# YOUR INSTRUCTIONS
Across all entries below, how many lines include "Garden"? Answer with the number alone.
--- DATASET CONTENT ---
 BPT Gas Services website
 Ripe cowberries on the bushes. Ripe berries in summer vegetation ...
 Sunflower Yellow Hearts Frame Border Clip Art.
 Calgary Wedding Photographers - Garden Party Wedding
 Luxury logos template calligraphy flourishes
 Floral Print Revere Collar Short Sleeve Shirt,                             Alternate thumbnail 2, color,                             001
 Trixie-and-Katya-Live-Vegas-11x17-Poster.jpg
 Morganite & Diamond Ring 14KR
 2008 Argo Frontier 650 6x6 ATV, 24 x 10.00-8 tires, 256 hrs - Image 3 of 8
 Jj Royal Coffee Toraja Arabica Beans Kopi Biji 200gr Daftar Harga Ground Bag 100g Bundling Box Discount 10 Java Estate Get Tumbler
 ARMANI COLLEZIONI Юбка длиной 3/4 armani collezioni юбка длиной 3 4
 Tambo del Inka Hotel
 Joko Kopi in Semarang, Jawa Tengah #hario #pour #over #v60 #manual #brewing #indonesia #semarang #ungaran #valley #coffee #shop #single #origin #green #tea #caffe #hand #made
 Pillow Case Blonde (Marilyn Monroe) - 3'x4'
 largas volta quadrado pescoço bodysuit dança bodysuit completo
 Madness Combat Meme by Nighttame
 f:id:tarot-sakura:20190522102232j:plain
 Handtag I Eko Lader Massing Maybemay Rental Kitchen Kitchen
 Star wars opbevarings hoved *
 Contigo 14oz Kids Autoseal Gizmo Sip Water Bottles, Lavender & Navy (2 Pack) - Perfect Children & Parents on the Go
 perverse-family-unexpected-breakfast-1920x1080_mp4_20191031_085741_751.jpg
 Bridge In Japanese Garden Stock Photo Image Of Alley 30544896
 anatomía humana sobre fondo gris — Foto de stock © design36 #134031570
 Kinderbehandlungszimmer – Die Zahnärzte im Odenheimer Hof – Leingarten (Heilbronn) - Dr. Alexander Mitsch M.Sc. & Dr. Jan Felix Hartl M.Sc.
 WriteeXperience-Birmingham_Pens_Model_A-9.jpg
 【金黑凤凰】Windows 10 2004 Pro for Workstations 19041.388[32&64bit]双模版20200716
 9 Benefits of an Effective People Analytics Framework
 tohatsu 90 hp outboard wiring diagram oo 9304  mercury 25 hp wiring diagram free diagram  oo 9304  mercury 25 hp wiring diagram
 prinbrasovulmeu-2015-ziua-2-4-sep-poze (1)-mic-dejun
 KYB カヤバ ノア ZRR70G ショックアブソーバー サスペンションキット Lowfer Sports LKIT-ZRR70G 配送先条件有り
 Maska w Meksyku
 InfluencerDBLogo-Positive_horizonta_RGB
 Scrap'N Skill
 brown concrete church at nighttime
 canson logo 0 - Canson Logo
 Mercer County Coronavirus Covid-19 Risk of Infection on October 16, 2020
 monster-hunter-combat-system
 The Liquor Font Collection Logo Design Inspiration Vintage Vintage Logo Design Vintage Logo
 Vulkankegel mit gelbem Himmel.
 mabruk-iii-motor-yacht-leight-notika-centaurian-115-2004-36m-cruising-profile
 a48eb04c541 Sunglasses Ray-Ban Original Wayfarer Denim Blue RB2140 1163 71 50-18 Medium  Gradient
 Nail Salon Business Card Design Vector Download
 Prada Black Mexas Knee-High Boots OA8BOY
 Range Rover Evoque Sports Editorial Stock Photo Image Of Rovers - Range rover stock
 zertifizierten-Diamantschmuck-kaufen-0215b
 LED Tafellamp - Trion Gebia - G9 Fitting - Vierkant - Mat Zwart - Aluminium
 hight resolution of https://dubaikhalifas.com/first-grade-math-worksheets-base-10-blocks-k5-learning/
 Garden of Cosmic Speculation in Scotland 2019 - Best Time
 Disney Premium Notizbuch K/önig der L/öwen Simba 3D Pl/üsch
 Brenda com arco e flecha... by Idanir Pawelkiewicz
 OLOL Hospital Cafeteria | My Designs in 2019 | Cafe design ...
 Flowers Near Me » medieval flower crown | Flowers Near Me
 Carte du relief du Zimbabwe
---
# ANSWER
3